Consequently, said resolution deleted from the Lucas
decision the disquisitions on whether reclusion perpetua is a divisible
penalty and set aside the pronouncement therein as to its division into three
periods. As has heretofore been the
nature of this penalty, reclusion perpetua, remains as an indivisible
penalty without any minimum, medium, or maximum period. As such, it should be imposed in the case at
bar in its entire duration in accordance with Article 63 of the Revised Penal
Code regardless of the presence of any mitigating or aggravating circumstance
that may have attended the commission of the crime.[19] The contrary recommendation of the Solicitor
General is accordingly rejected.
WHEREFORE, the judgment of the court a quo in Criminal Case No. 10114 is hereby AFFIRMED in toto.
SO ORDERED.
Romero, Puno, Mendoza, and Torres, Jr., JJ., concur.

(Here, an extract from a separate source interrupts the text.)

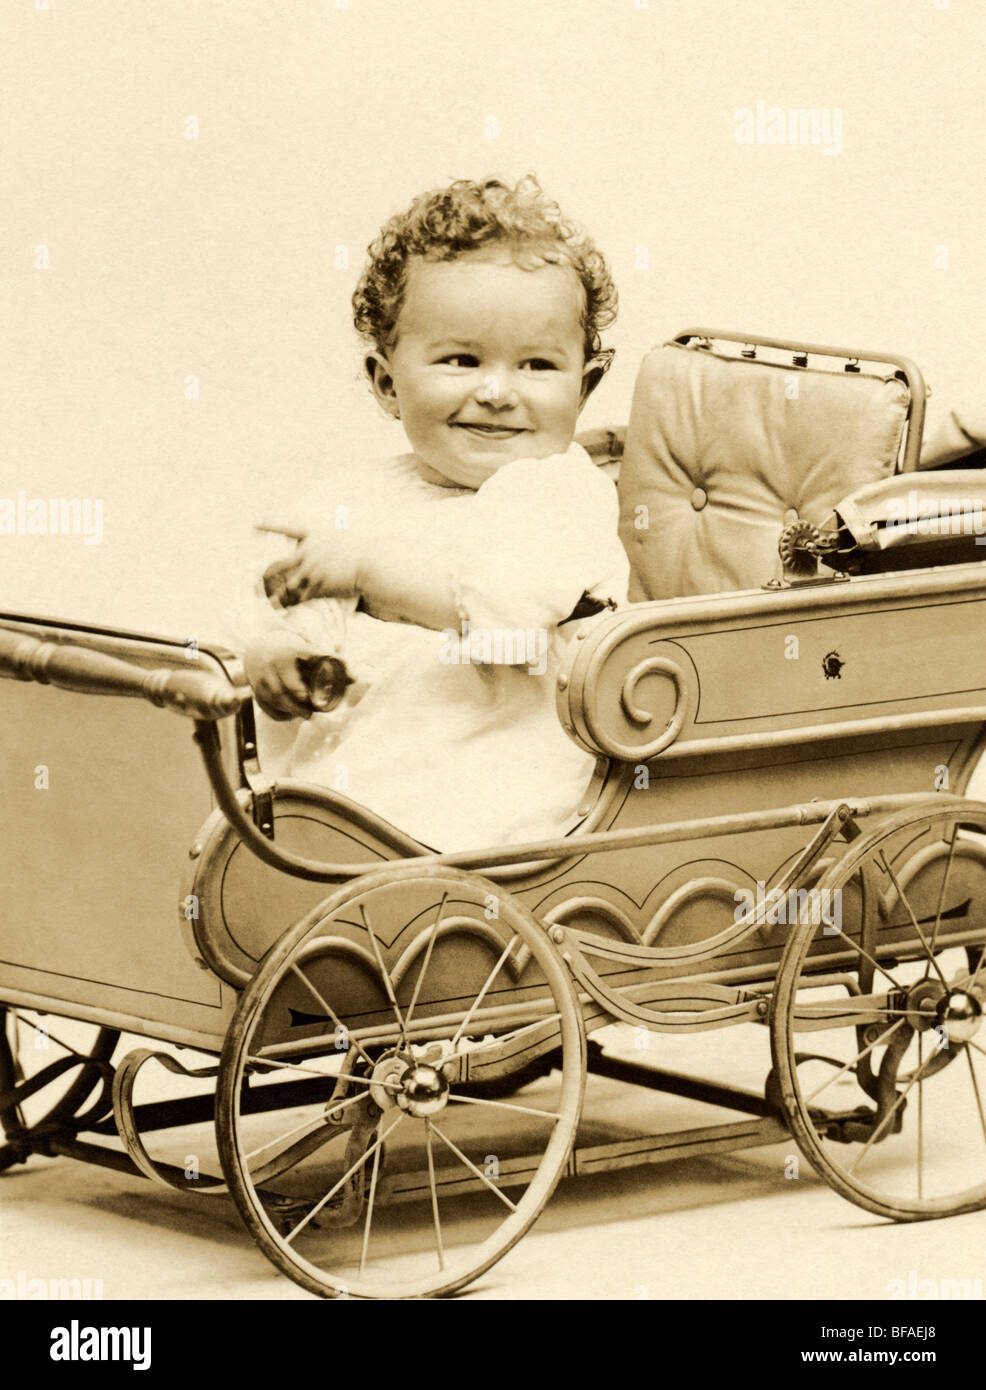 Cute Baby in Decorative Pedal Car Stock Photo
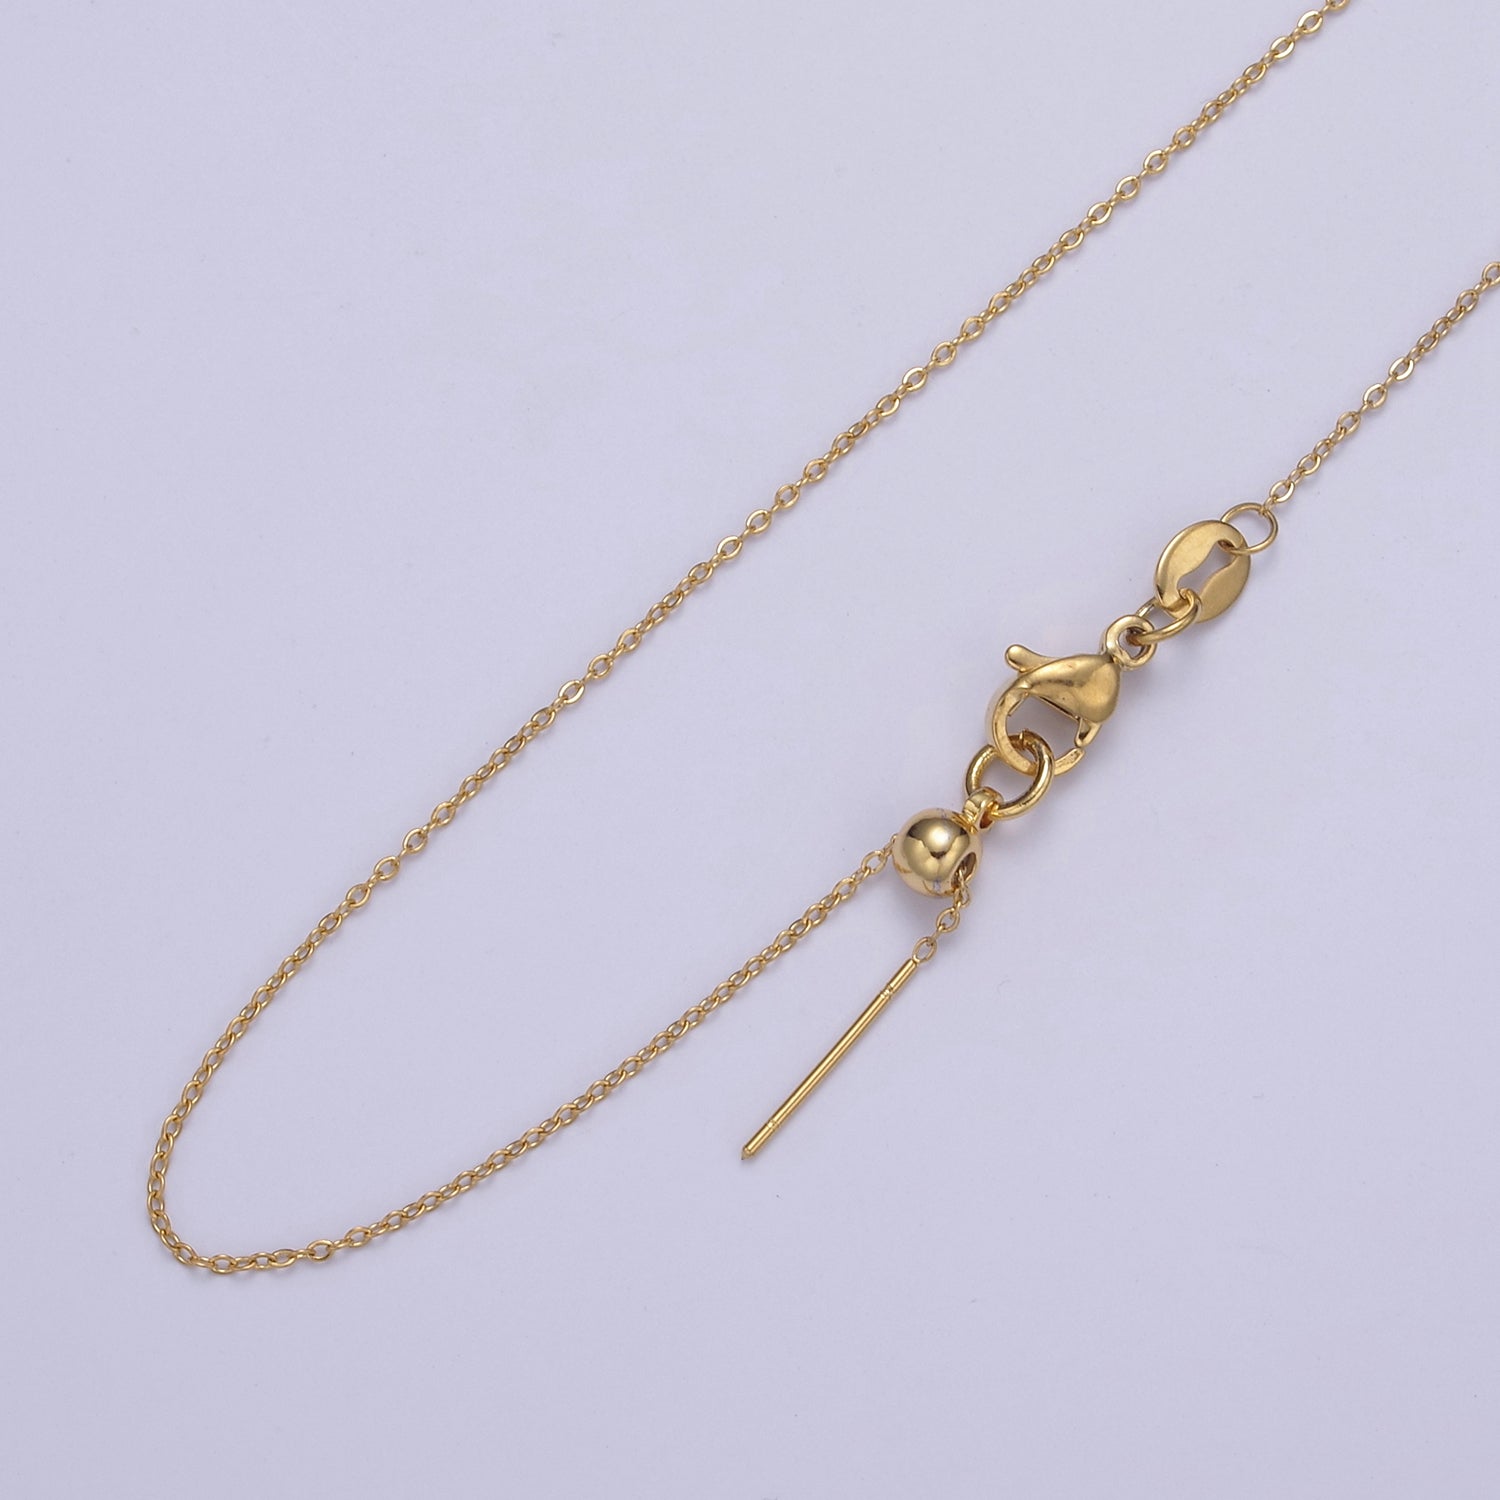 Fine 14k Gold Filled Chain Necklace, Adjustable Gold Chain, Fine Cable Link Neck Chain, Thin Simple Layering Chain 19" long wa-735 - DLUXCA

[1] Brief for Accused-Appellant Marcelo Magallano, 1; rollo, 45; Brief for
Accused-Appellant Diomedes Magallano, 1; rollo, 118.
[2] Original Record, 42.
[3] Ibid., 51-52.
[4] Ibid., 179;
per Judge Saturnino Ll. Villegas.
[5] TSN, April 12, 1993,
13-18, 48.
[6] Ibid., id.,
18-23.
[7] Ibid., May
18, 1993, 3-22; May 31, 1993, 6.
[8] Ibid., May
31, 1993, 7-17.
[9] Ibid., id.,
19-25.
[10] People vs.
Flores, G.R. No.
116524, January 18,
1996, 252 SCRA 31; People vs. Sanchez, G.R. Nos. 98402-04,
November 16, 1995, 250 SCRA 14.
[11] People vs. Magsombol, G.R. No. 98197,
January 24, 1996, 252 SCRA 187; People vs. Nitcha, G.R. No. 113517,
January 19, 1995, 240 SCRA 283.
[12] People vs.
Gapasan, G.R. No.
110812, March 29, 1995, 243 SCRA 53; People vs.
Reyes, G.R. No. 105204, March 9, 1995, 242 SCRA 264.
[13] People vs. Compil, G.R. No. 95028, May 15,
1995, 244 SCRA 135; People vs. Omog-bolahan, et al., G.R. No.
112659, January 24, 1996, 252 SCRA 213.
[14] People vs.
Rodico, et al., G.R. No.
107101, October 16, 1995, 249 SCRA 309; People vs. Parica, et al.,
G.R. No. 80611, April 21, 1995, 243 SCRA 557.
[15] People vs.
Lamsing, G.R. No. 105316, September 21, 1995, 248 SCRA 471; People vs.
Amania, et al., G.R. No. 108598, September 21, 1995, 248 SCRA 486.
[16] People vs.
Tamparong, et al.,
G.R. No. 112713, October 25,
1995, 249 SCRA 584; People vs. Rivero, G.R. No. 112721, March 15, 1995,
242 SCRA 354.
[17] En Banc
Resolution, G.R. Nos. 108172-73, 240 SCRA 66.
[18] G.R. Nos. 108172-73,
May 25, 1994, 232 SCRA 537.
[19] People vs.
Saliling, G.R. No. 117732, October 10, 1995, 249 SCRA 185;
People vs. Villanueva, G.R. No. 107495, July 31, 1995, 246 SCRA 769;
People vs. Baculi, G.R. No. 110591, July 26, 1995, 246 SCRA 756.